Vestiu o fato-de-macaco para tocar uma sonata de Beethoven. Sentou-se ao piano, ainda sujo com as manchas de óleo e o suor de um dia duro, e escreveu a sinfonia certa para dar a melodia que o Boavista precisava. Mais lenta e recuada nas fases regulares, emotiva e acelerada quando se exigia tensão emocional. Um médio todo-o-terreno, útil em todos os momentos que o jogo encerra, um artista sem pejo de meter a mão na massa. O golo de cabeça foi só o refrão mais inspirado, mas longe de ser o único.
Não engana. Pormenores de craque, capacidade para desequilibrar, quebra-cabeças difícil de deslindar. O que lhe faltou? Uma banda mais competente a acompanhar a atuação do ‘frontman’. Surgiu menos vezes no um para um de que tanto gosta e nas zonas interiores foi rodeado e bloqueado com competência pela cerca imaginada por Petit. Um dos mais inconformados do lado gilista, apesar de tudo. No golo foi servido com mestria, por Pedrinho, e depois a finalização foi brilhante. Insistimos: um craque.
Um achado. Passada larga, 190 centímetros em perfeita harmonia, boa relação com a equipa e com a bola. Não merecia ver os dois golo anulados – o primeiro por três centímetros, sentenciou o VAR -, depois de tanto oferecer ao jogo. Tem experiência de Bundesliga, tem boa escola e é uma evidente mais-valia no ataque do Boavista. Leva seis golos esta temporada, mas é um avançado completo e a pedir um olhar atento nos próximos meses.
Poucos se terão apercebido, mas há um internacional francês a querer brilhar no Bessa.

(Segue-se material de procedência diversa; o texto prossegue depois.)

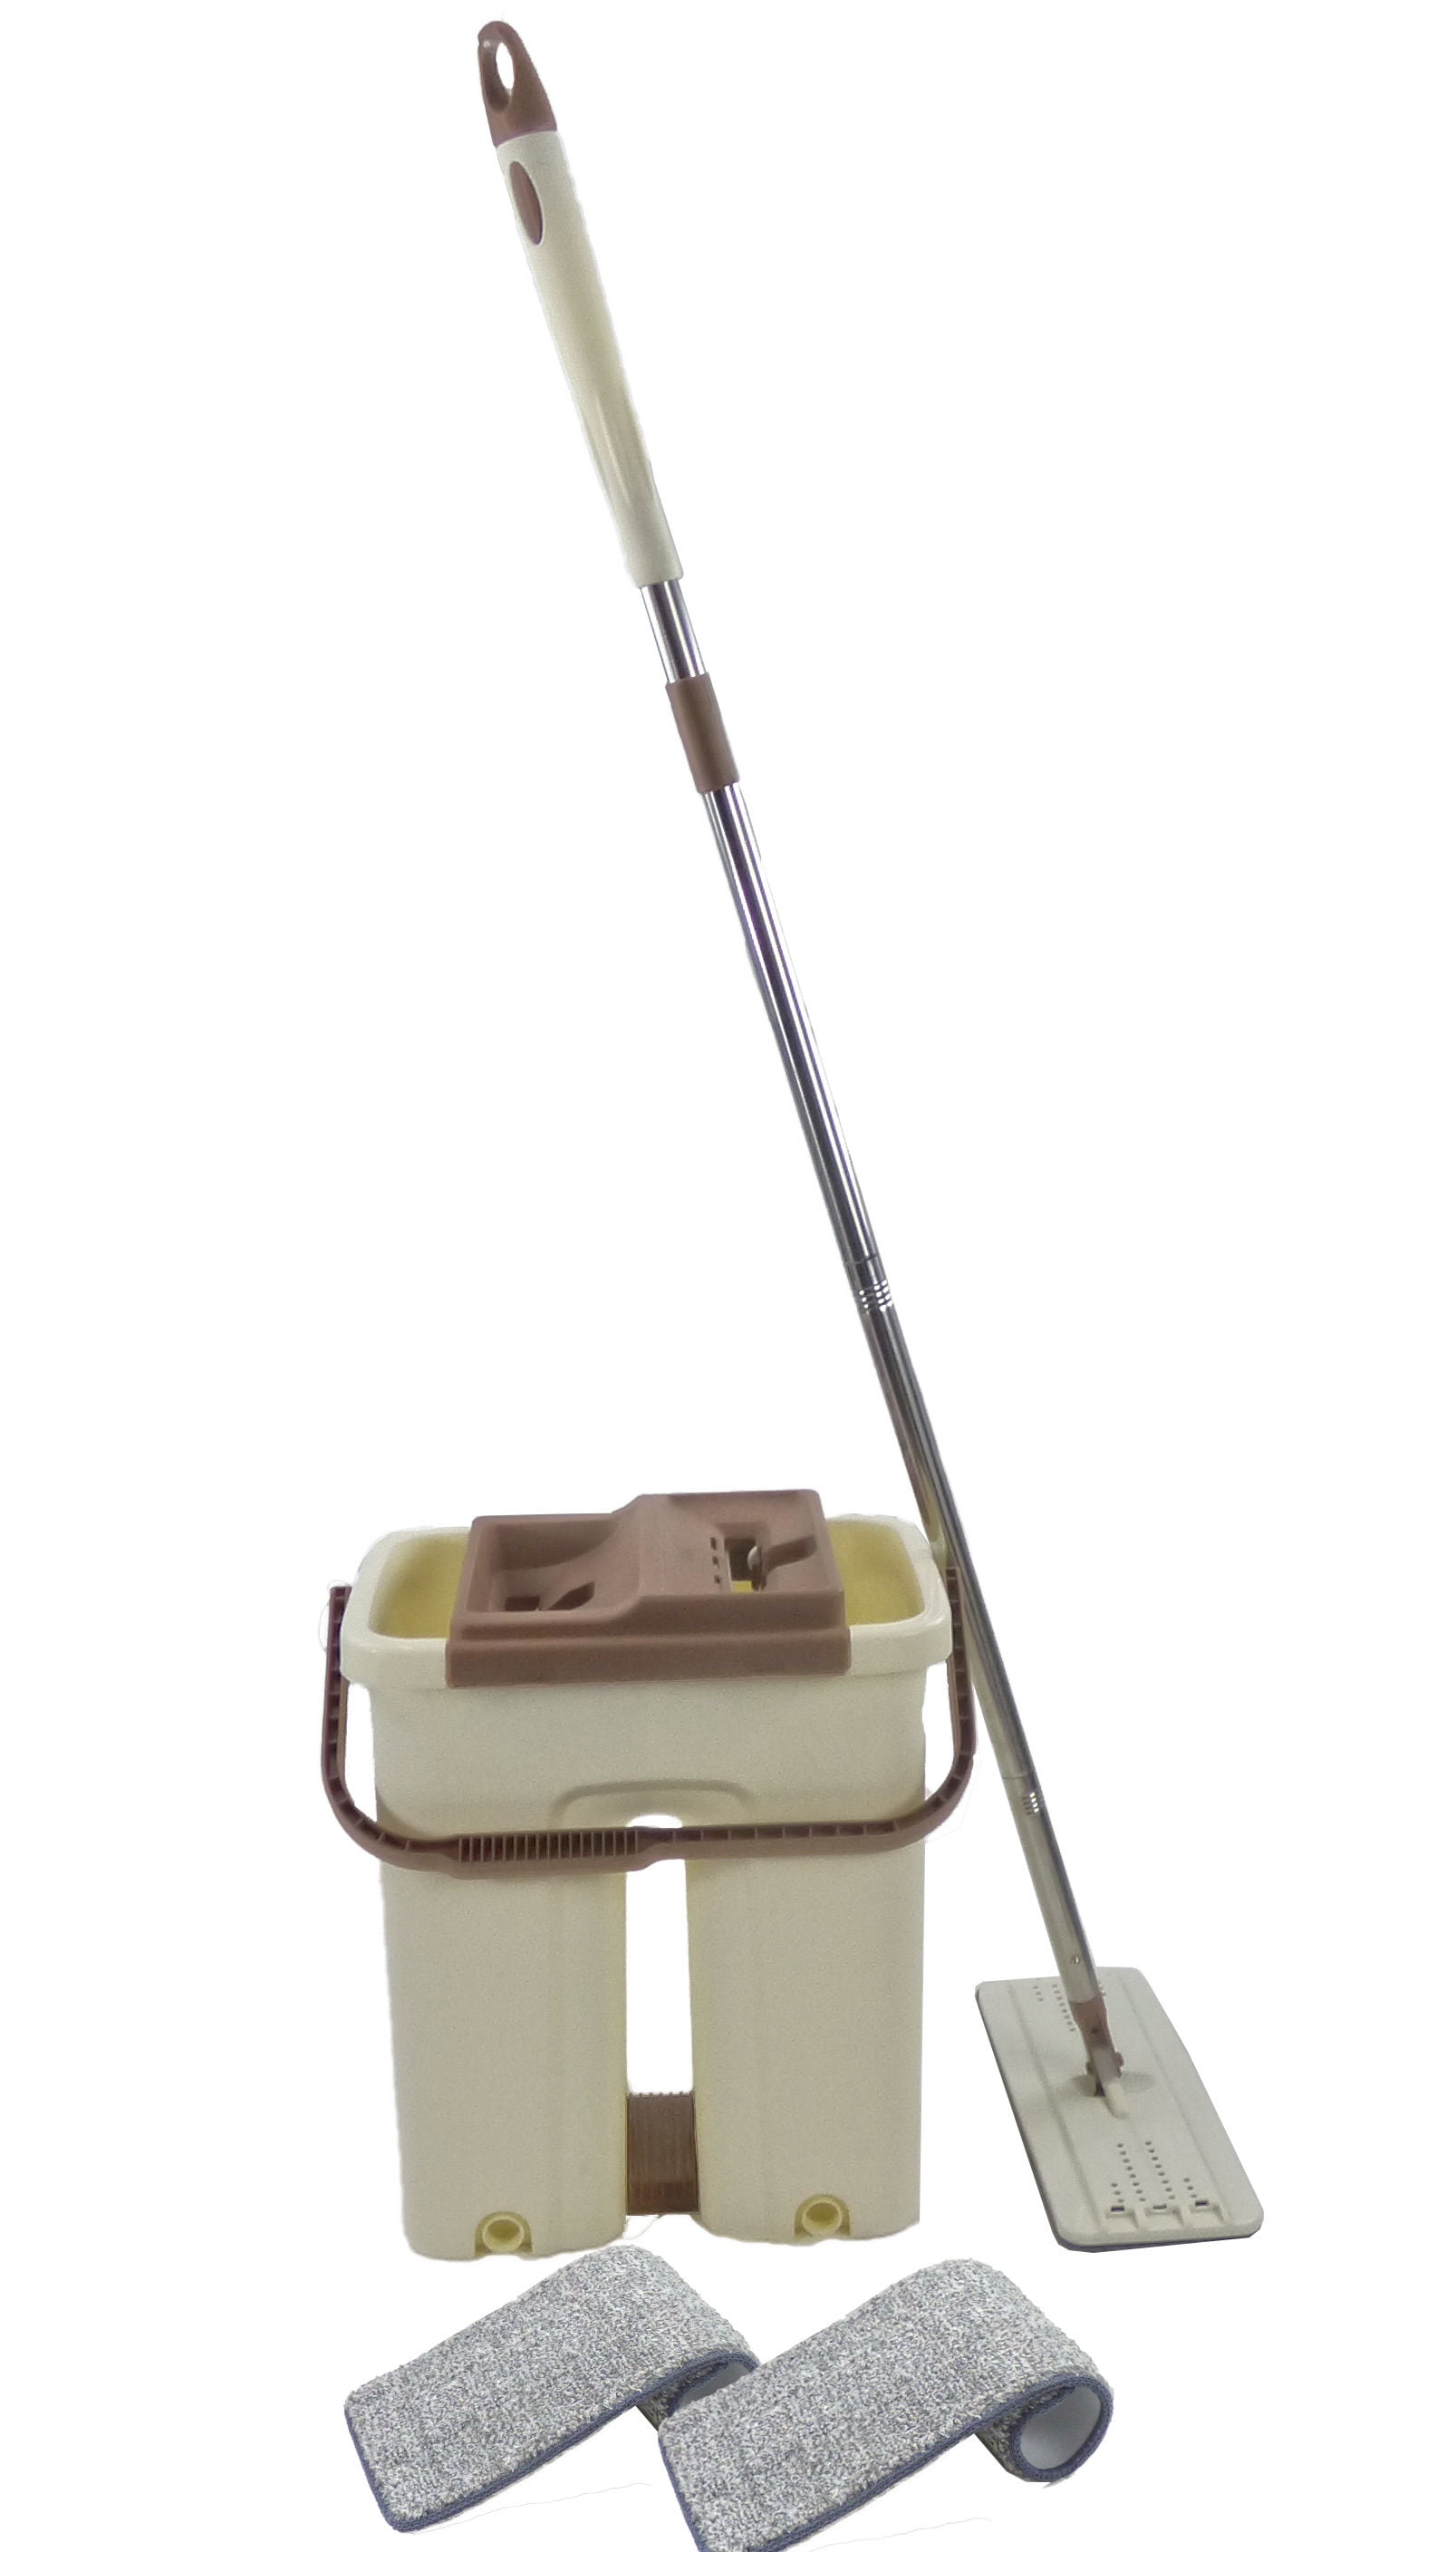 Hands Free Self Cleaning System Retractable Flat Mop Bucket 4 Microfiber Pads

Chegou pesado, massacrado por lesões e claramente sem condições para ser opção. Melhorou, esperou pela sua vez e Petit percebeu o que tinha em mãos. Mais forte, mais solto, Ntep teve uma mão cheia de pormenores deliciosos e incluiu ‘túneis’, dribles e outras habilidades no menu de degustação. Zé Carlos vai ter pesadelos com ele esta noite. Aos 54 minutos esteve perto de marcar e, pela reação, percebeu-se que já estava no limite físico. Quando durar mais de 45/60 minutos será, com naturalidade, um caso sério.
No Bessa ninguém rouba bolas como o internacional colombiano. Lê o jogo com sabedoria, acerta quase sempre o tempo de antecipação, faz faltas quando tem de fazer, anda por todo o lado. Depois, com bola, percebe que o mais sensato é entregar com simplicidade. Exibição convincente lado a lado com Makouta, a dar uma dimensão ao meio-campo do Boavista que, há semanas, parecia impossível.
Passe maravilhoso a isolar Samuel Lino para o 1-1. Muito pressionado, muito bloqueado, soube manter o sangue frio e a coragem com bola. Não tremeu. Arriscou o remate num par de ocasiões e teve a lucidez de identificar os caminhos mais aconselháveis para perturbar Porozo e companhia. Nota alta num jogo de estupenda exigência.
O melhor futebolista do Boavista ao longo da época teve uma tarde má. Também tem direito. Decidiu mal, demasiadas vezes, em situações que normalmente define bem. Isolado perante Frelih fugiu para o lado pior e perdeu tempo de remate; no meio-campo, e com linhas de passe abertas em transição, arriscou um ‘chapéu’ sem sentido. Há dias assim.
O matador espanhol encolheu-se na arena axadrezada. O poder físico de Porozo anulou-lhe os movimentos e a influência no ataque organizado. Não teve bola, não teve espaço e voltou a Barcelos sem deixar a marca de sangue que o tem acompanhado por esses estádios afora.